20 minutes drawing, 40 minutes narrating. Spending 50 minutes drawing means you ran out of failure-mode time, which is the L5 signal slot.
3

Annotated arrows

Every arrow has a data format and an approximate volume. “JSON, 200K/sec” on an arrow tells the interviewer 10 things at once.
4

Conventions held throughout

If you use cylinders for storage early, use them for storage everywhere. Inconsistent symbols make the interviewer mentally retranslate every component, which slows their grading and lowers their confidence.

How Whiteboard Design Connects to the Rest of the Loop

Whiteboard design is the format under which data pipeline system design interview prep is conducted in person. The reasoning is identical; the medium is the constraint. The schema sketches you draw here borrow from schema design interview walkthrough, and the cloud-service references are deeper if you've prepped AWS Data Engineer interview prep or Google Cloud Data Engineer interview prep.

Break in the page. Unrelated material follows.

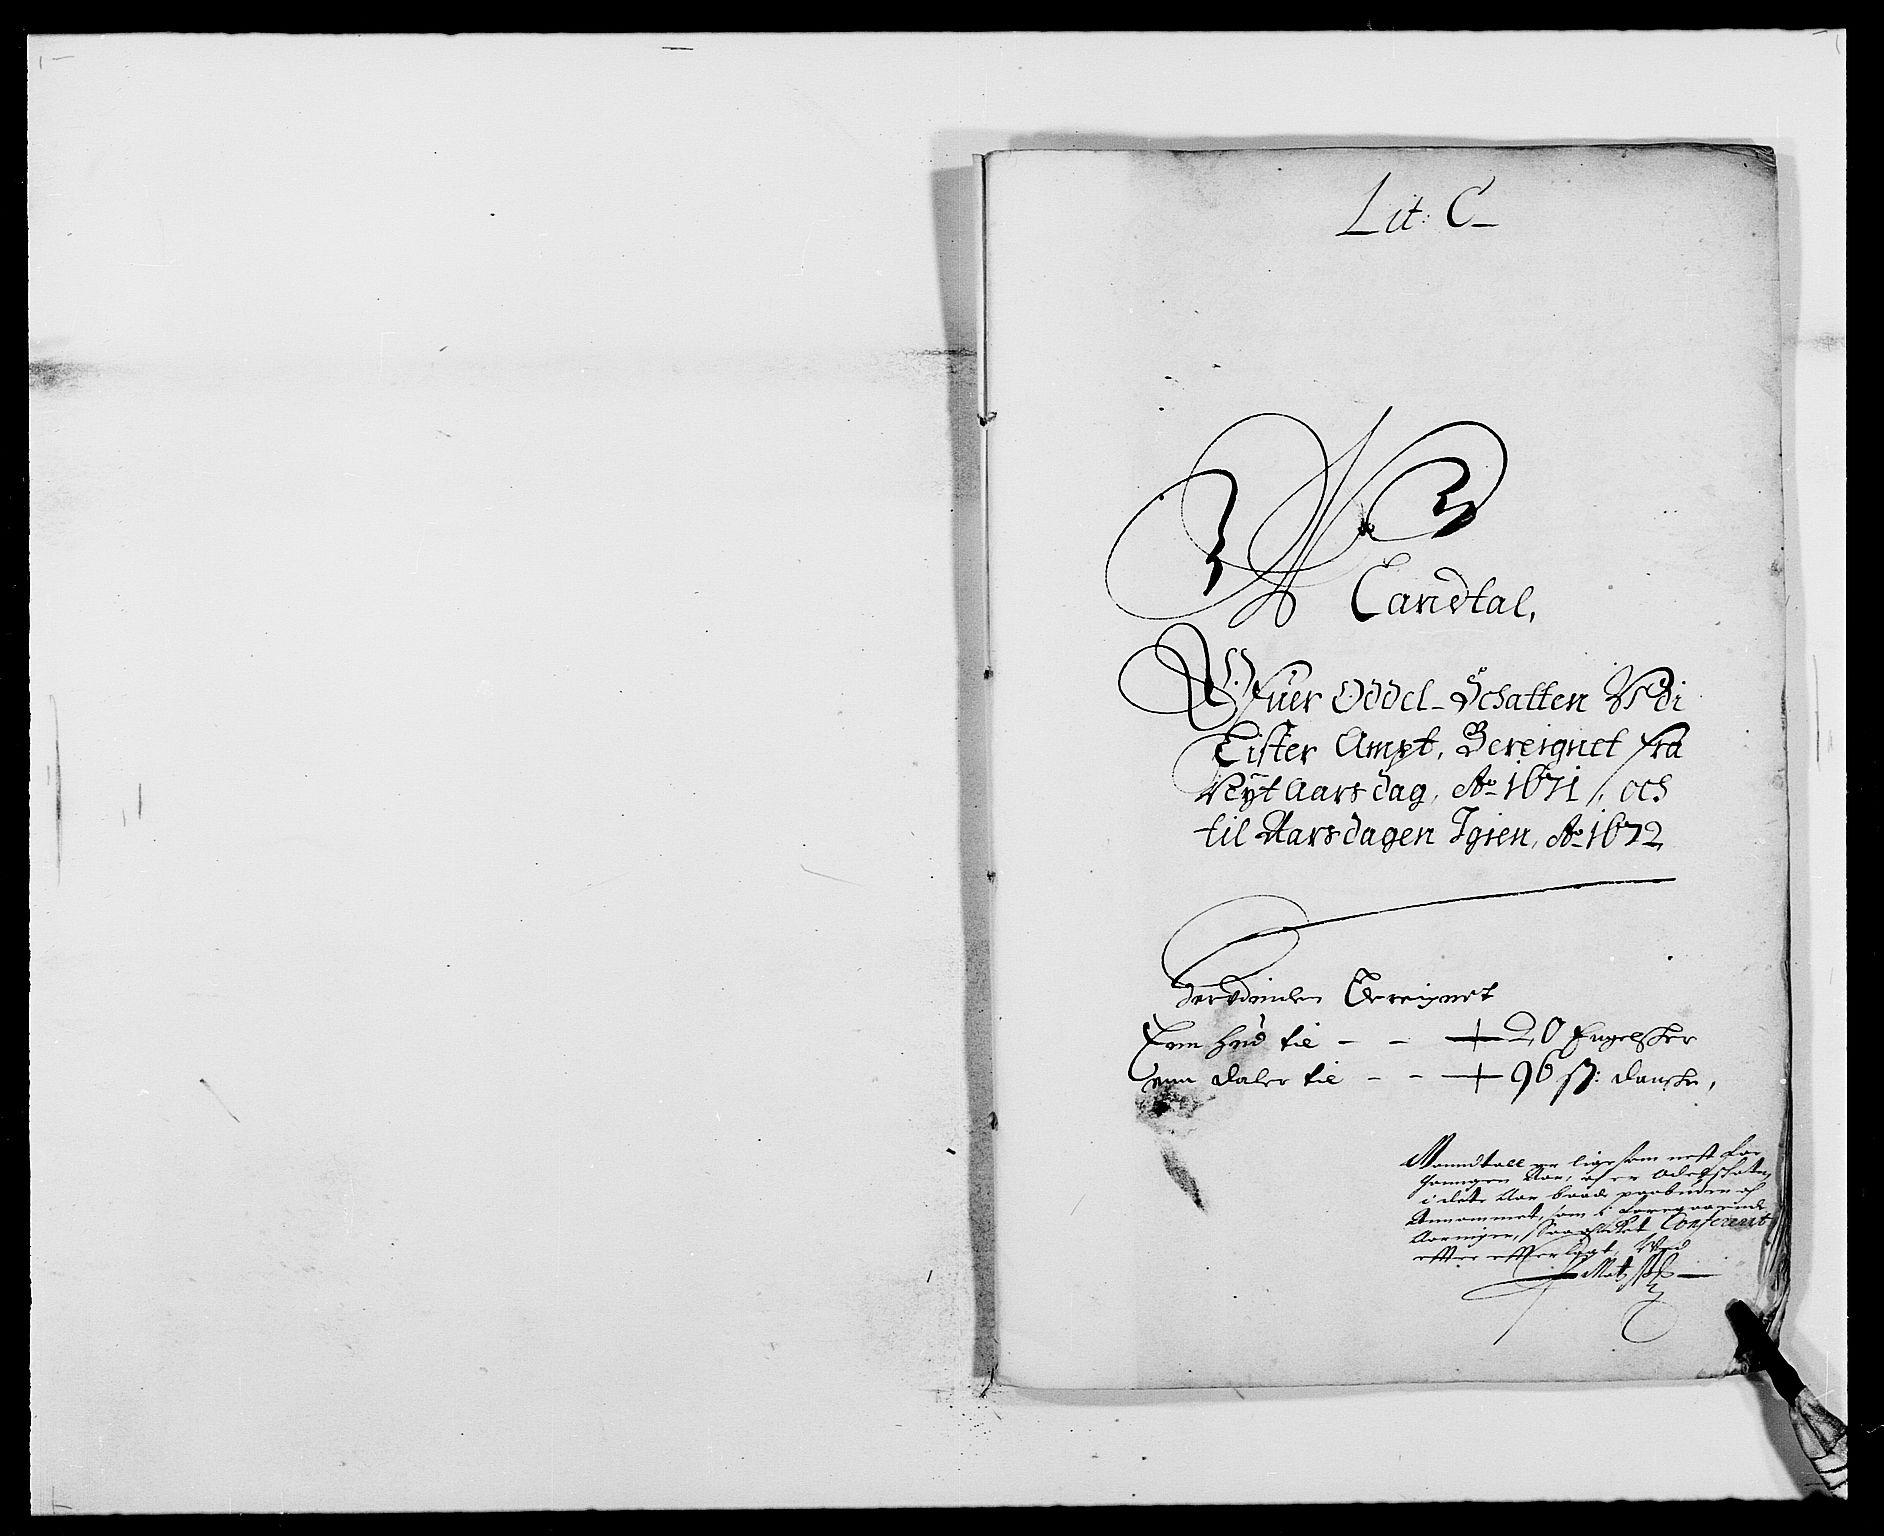 RA, Rentekammeret inntil 1814, Reviderte regnskaper, Fogderegnskap, R41/L2525: Fogderegnskap Lista, 1669-1671, s. 280

Companies most likely to use a physical whiteboard: Netflix's onsite design rounds are still whiteboard-first, Airbnb uses Excalidraw for virtual loops, and most FAANG onsites at L5+. If you're prepping for L6 / staff Data Engineer interview prep, expect at least one whiteboard round.

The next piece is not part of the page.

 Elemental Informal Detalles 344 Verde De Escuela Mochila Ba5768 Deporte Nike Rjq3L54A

Data Engineer Interview Prep FAQ

What if the round is virtual? Do whiteboard rules still apply?+
Yes, with one change: virtual whiteboards (Excalidraw, Miro, Google Drawings) reward keyboard shortcuts. Practice the tool the company uses before the round. The visual conventions and the 7-component template are identical; only the marker is replaced.
Should I bring my own marker to a physical whiteboard interview?+
Most companies provide markers. If you can, ask the recruiter ahead of time. Bringing a fine-tip marker is a positive signal because most office markers are dried out. Black, blue, red is the kit.
What if I run out of space on the whiteboard?+
Erase the parts of the diagram you've already discussed (e.g., the source description) to make room. Or move to a second whiteboard if available. Running out of space is a planning failure; mid-round recovery is graded on calmness.
How detailed should component labels be?+
Component name + technology in parentheses + one annotation. Example: 'Stream Processor (Flink, exactly-once, 24h state)'. This density is right. Just 'Flink' is too sparse. A full sentence inside the box is too dense.
Should I draw a database schema in this round?+
Only if asked. Whiteboard design rounds focus on architecture; if you slip into a CREATE TABLE drawing, the interviewer will redirect. Save schema drawings for the dedicated modeling round.
What if the interviewer asks me to redraw a component?+
Erase and redraw. Do not argue. Saying 'sure, let me try a different approach' shows responsiveness. Defending your first draw against feedback is a persistent downgrade signal.
Are virtual whiteboard rounds easier or harder than physical?+
Easier mechanically (no marker fumbling, easier erasing) but harder communicatively. On a physical whiteboard, your body language tells the interviewer where your attention is. On a virtual one, you must verbally signal what you're focusing on. Use the cursor as your pointing finger.
Do I need to know the exact AWS / GCP / Azure service names?+
Yes for the company's primary cloud, ideally for two clouds. Saying 'a managed Kafka equivalent' instead of 'MSK' or 'Confluent Cloud' is a junior signal. Cloud fluency at the service-name level is a senior signal.